Silence assourdissant

Or, la première indemnisation versée s'est faite pour la moto de Florent. Les deux autres véhicules du couple, endommagés également pendant le cyclone, sont toujours dans l'attente. Et concernant la maison, cela n'avance guère mieux. Actuellement, le couple doit vivre chez la sœur de Florent, dans le sud de l'île. Loin de leur boulot et de l'école de leurs deux enfants.

Les innombrables coups de fil à l'assurance ne font pas avancer leur dossier. Tout est à refaire à la maison, et pourtant, ils n'ont encore rien touché en termes d’indemnités. Même son de cloche du côté de leur banque. Florent souhaite geler le crédit de la maison fraîchement acquise en 2019 pour pouvoir respirer un peu. Mais il n'obtient pas de réponse.

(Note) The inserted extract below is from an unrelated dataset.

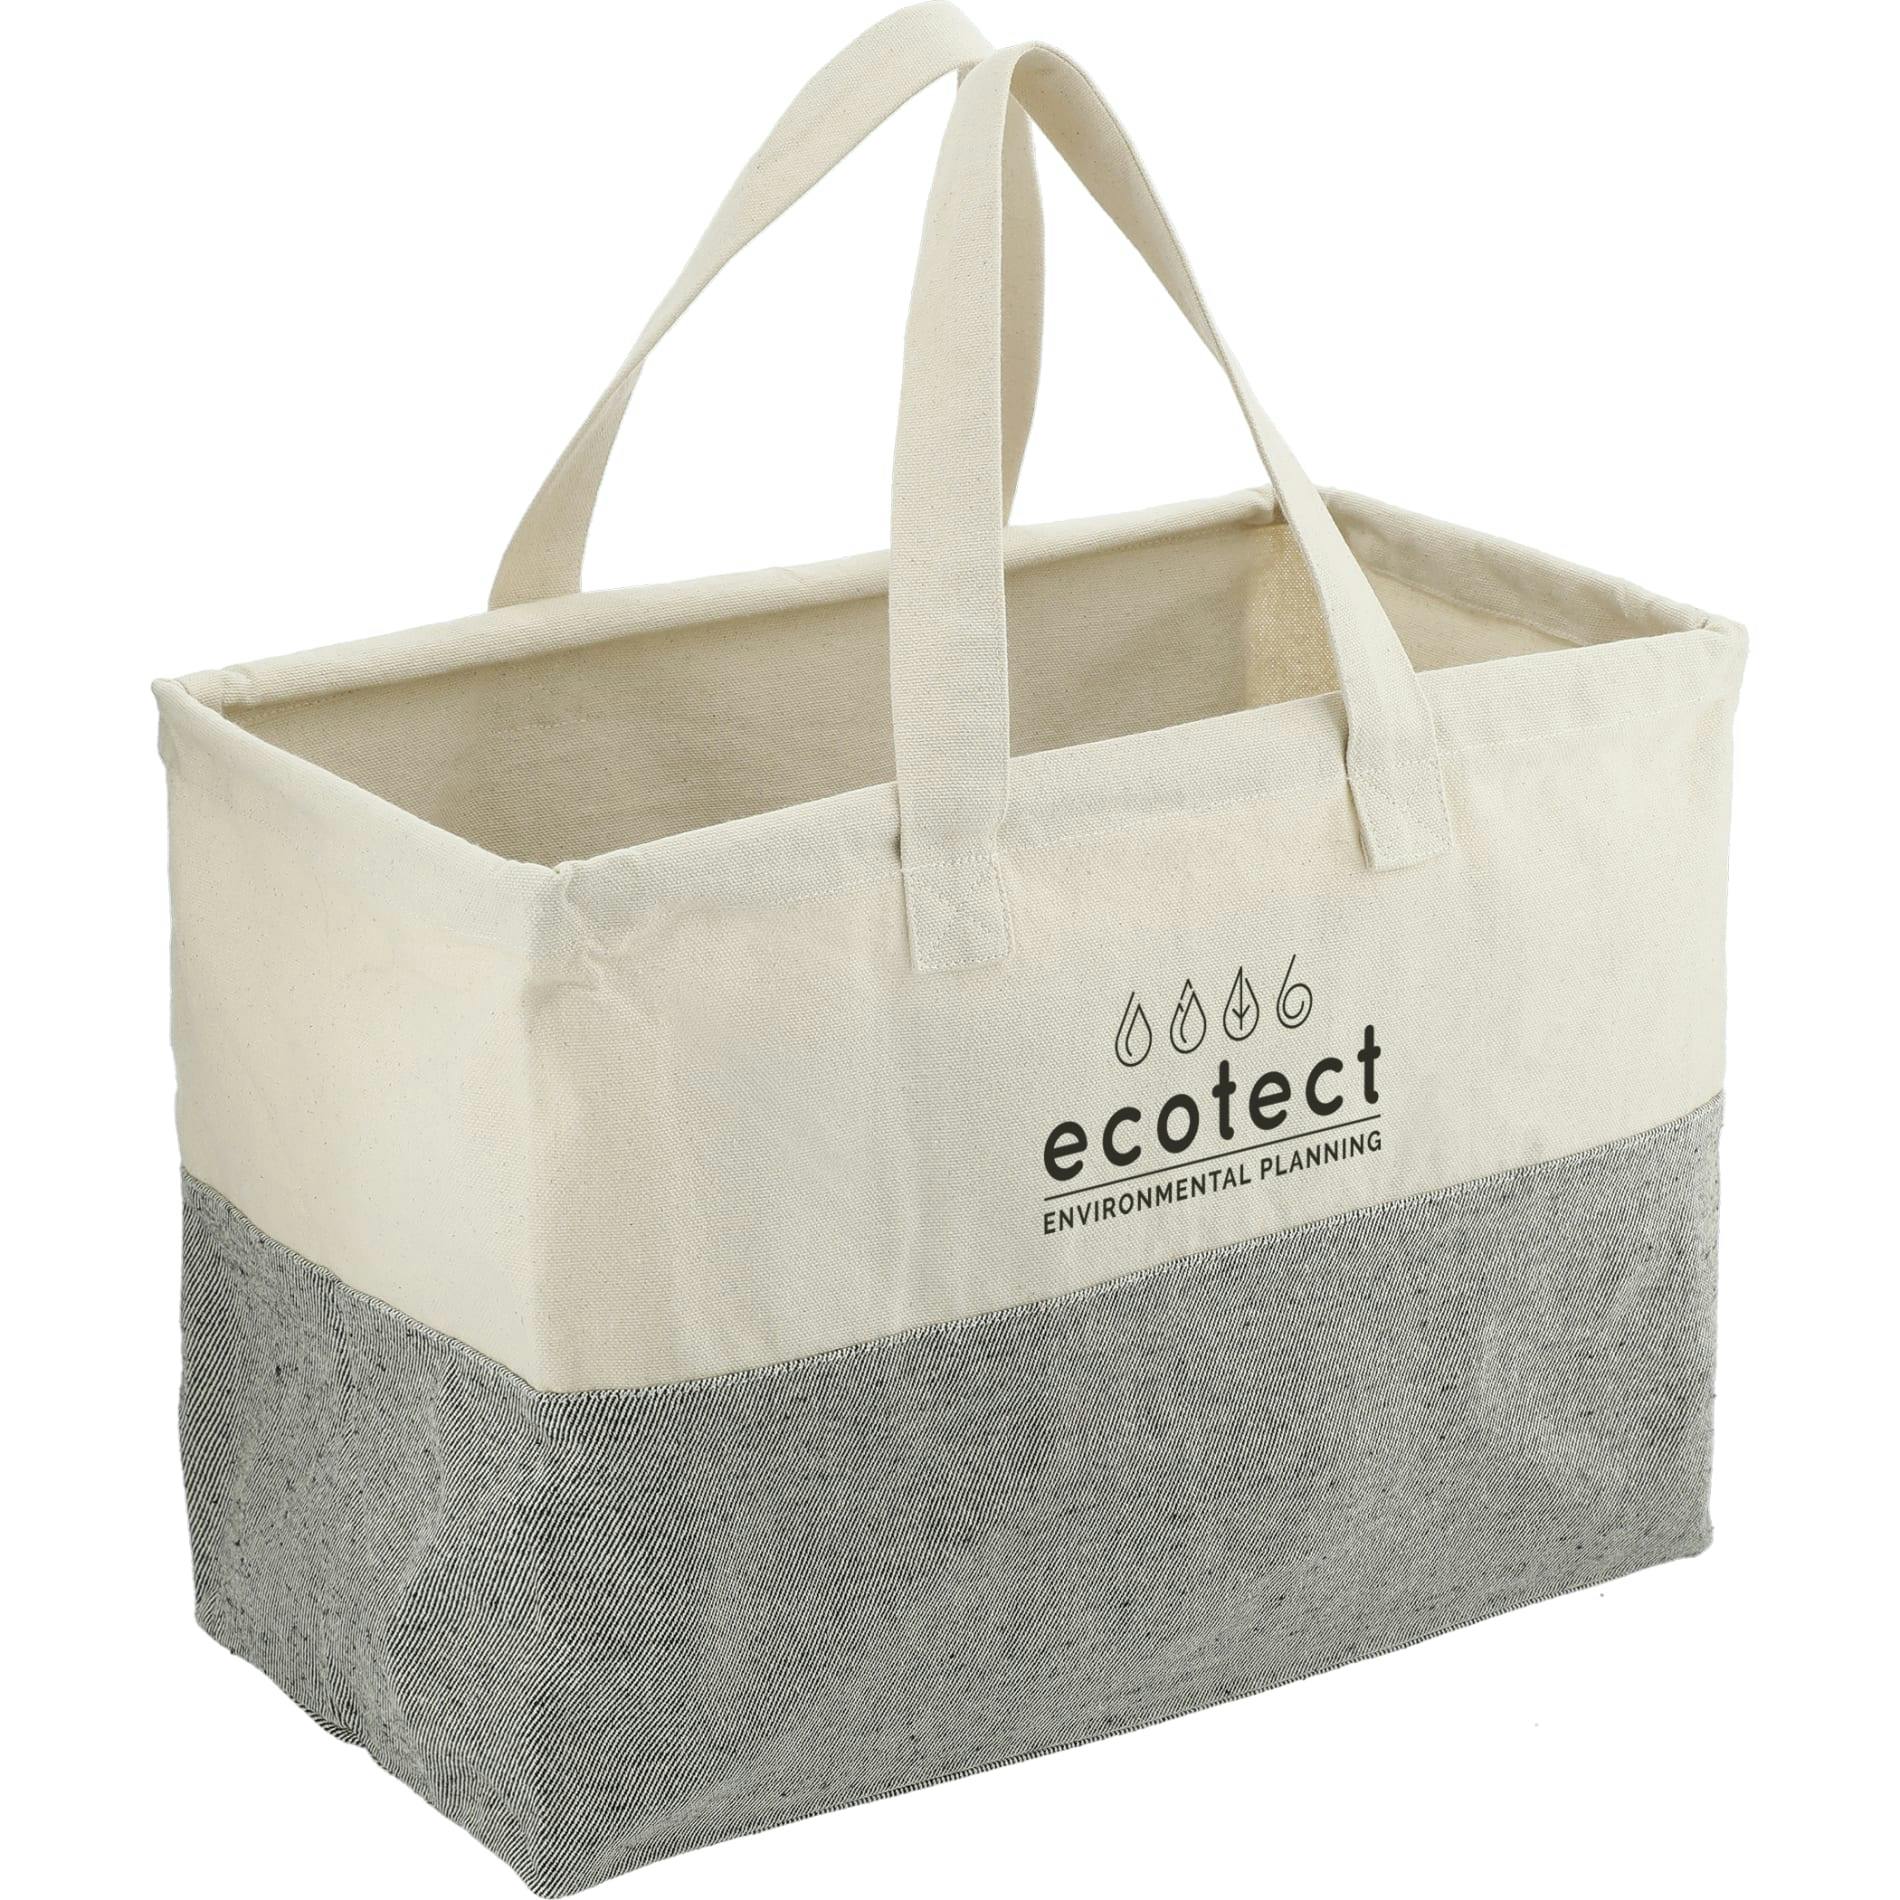 Recycled Cotton Utility Tote - additional Image 2

Enfin, la famille Hoareau plaide pour une solution de relogement. Là aussi, Florent déplore le manque de communication des bailleurs sociaux. "Par l'intermédiaire de la mairie, on nous a dit qu'on pourrait visiter au moins deux logements d'urgence," souffle-t-il.

Dans l'attente de solutions pérennes pour avancer et commencer la reconstruction de leur maison, la famille Hoareau peut compter sur la solidarité de leurs proches, voisins et collègues de travail. Mais ils l'assurent : le chemin est encore long avant que leurs vies ne retrouvent un semblant d'équilibre.